MILBANK’S SPIN ON REID’S ANNOUNCEMENT…. When Senate Majority Leader Harry Reid (D-Nev.) announced yesterday that the chamber is moving forward on a health care reform package that includes a public option, reform advocates were impressed. The Washington Post‘s Dana Milbank wasn’t.
In his column today, Milbank makes the case that Reid did little more than cave to the demands of “formidable … liberal interest groups.”
Reid, facing a difficult reelection contest next year at home in Nevada, will need such groups to bring Democrats to the polls if he is to survive. […]
Of course, everybody knew that Reid didn’t have the votes. That’s why he was standing there alone, a Gang of One. As Democratic aides described it, the moment had less to do with health-care policy than with Nevada politics — and one vulnerable senator’s justifiable fear of liberal anger. Now, if the public option unexpectedly survives in the Senate, Reid keeps his hero status on the left. If it fails, he at least gets credit for trying. By the Nobel committee’s revised standards, his aspirations might even earn him the prizes in medicine and economics.
It just wouldn’t have been the same if Milbank couldn’t take a gratuitous shot at the president’s Nobel Peace Prize.
Obviously, Milbank is entitled to his opinion. If he thinks Reid agreed to a public option compromise — a public plan with a state opt-out — primarily to make MoveOn.org happy, Milbank is welcome to the make the case.
But it’s not exactly a persuasive pitch, and Milbank doesn’t bolster his assertions with much of anything.
Reid had to reconcile two committee bills — one with a public option, one without.
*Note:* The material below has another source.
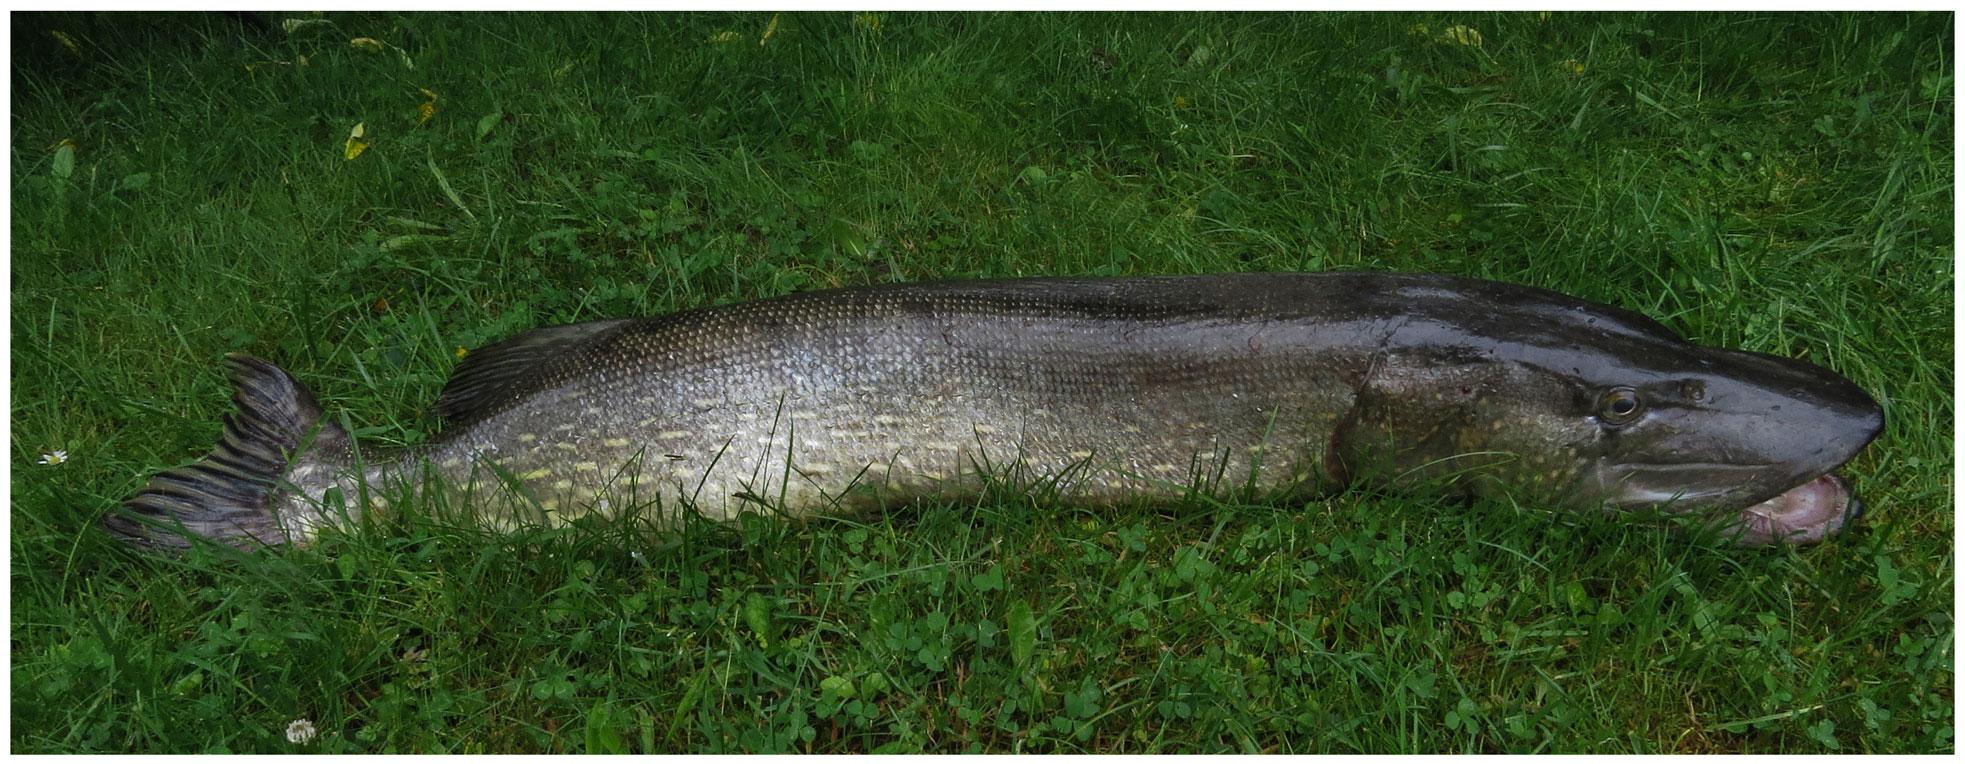 Hecht, 117 cm, 22 Pfd, Toter Köderfisch

To merge the two, the Majority Leader went with a compromise that enjoys the backing of most of his caucus and most of the country.
Milbank sees Reid as caving to liberal groups who don’t care that, as he sees it, the measure doesn’t have 60 votes. I see a Majority Leader going with a proposal that Reid, the White House, most congressional Democrats, and most Americans have already embraced. And incidentally, it happens to be “good public policy.”
In fairness, I believe progressive activists definitely played a role in getting the Senate’s reform bill to where it is. Indeed, I don’t think there’s anything especially wrong with Democratic leaders shaping a public policy plan in a way that meets the expectations of the voters who elected them.
But Milbank makes it sound as if the Majority Leader yelled “How high?” because “liberal interest groups” told him to jump. And that’s just not what’s happened.